ORNL-AMO/VERIFI-Bill-Reader

Repository files navigation

Setting Up PDF to Excel Pipeline on an HPC Environment

This guide explains how to run the pipeline.py script, which converts PDFs to formatted Excel files, in a High-Performance Computing (HPC) environment using Ollama and Surya OCR.

Note: This assumes you have already installed Ollama and configured your HPC system. If not, please refer to the "Setting Up Marker and Ollama Environment on HPC" documentation.

Overview

  • The pipeline.py script is designed to run via a batch job (e.g., sbatch), but it can also be executed manually.
  • Input PDF files should be placed in the raw folder.
  • Processed Excel files will be saved in the excel_output folder.
  • The pipeline uses AI extraction with configuration files and prompt templates for flexibility.

Sample sbatch Script

#!/bin/bash
#SBATCH --job-name=pdf_to_excel
#SBATCH --output=job_output.log
#SBATCH --error=job_error.log
#SBATCH --mem=16G
#SBATCH --gpus=1
#SBATCH --cpus-per-task=4
#SBATCH --time=01:00:00
#SBATCH --account=my_account

killall ollama

export OLLAMA_HOST="127.0.0.1:11434"
export OLLAMA_MODELS=/path/to/your/ollama_models

/path/to/ollama serve &
sleep 10

source /opt/ohpc/pub/spack/v0.23.0/share/spack/setup-env.sh
spack load numpy py-torch

source /path/to/venv/bin/activate

pip install -r requirements.txt

python /path/to/pipeline.py

Setup Steps

  1. Install Ollama
    From ollama.com or use binaries compatible with your system.

  2. Set up virtual environment

    python3 -m venv test
    source test/bin/activate
  3. Install dependencies

    pip install -r requirements.txt

    Note: If there are any issues try using spack load.

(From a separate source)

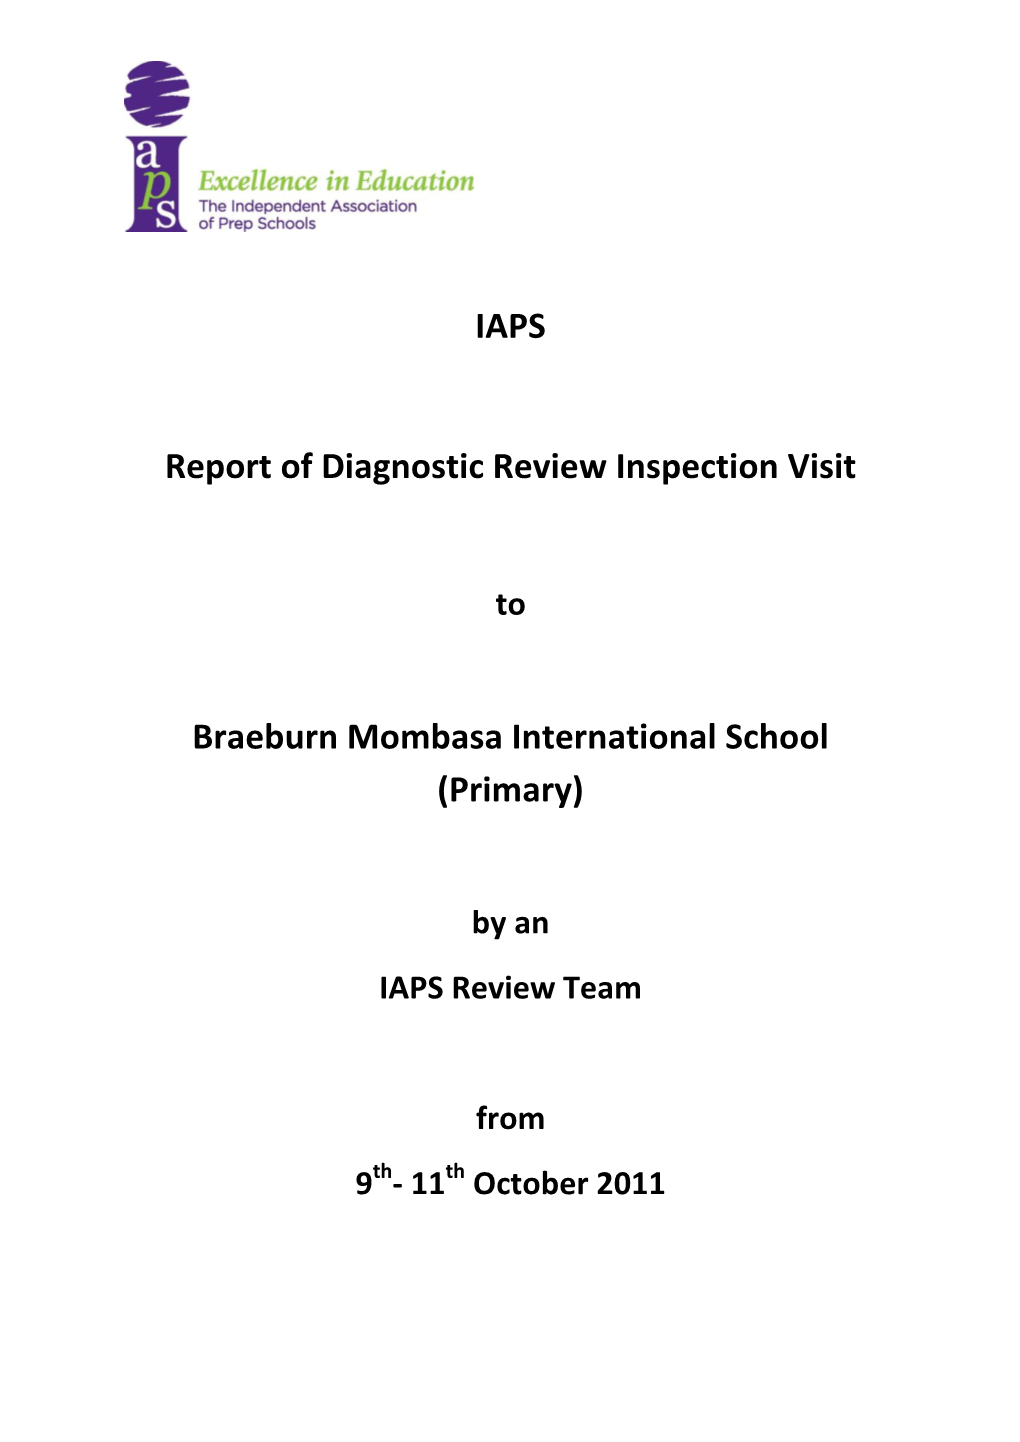 Mombasa IAPS Review Report October 2011

  4. Set environment variables

    export OLLAMA_MODELS=/path/to/ollama_models
    ollama serve &
  5. Edit configuration files

    • config.json: General settings

      • use_marker_ocr - Use Surya OCR
      • use_json - Use JSON as AI input
      • use_markdown - Use MARKDOWN as AI input
      • give_ai_raw_pdf - Allows you to give PDF directly to AI Model. Most models do not support this.
      • clean_output_dir - Determine if files are deleted after use. Useful for debugging as raw AI ouput is also generated. NOTE: This does not delete the excel output because that is handled by an API.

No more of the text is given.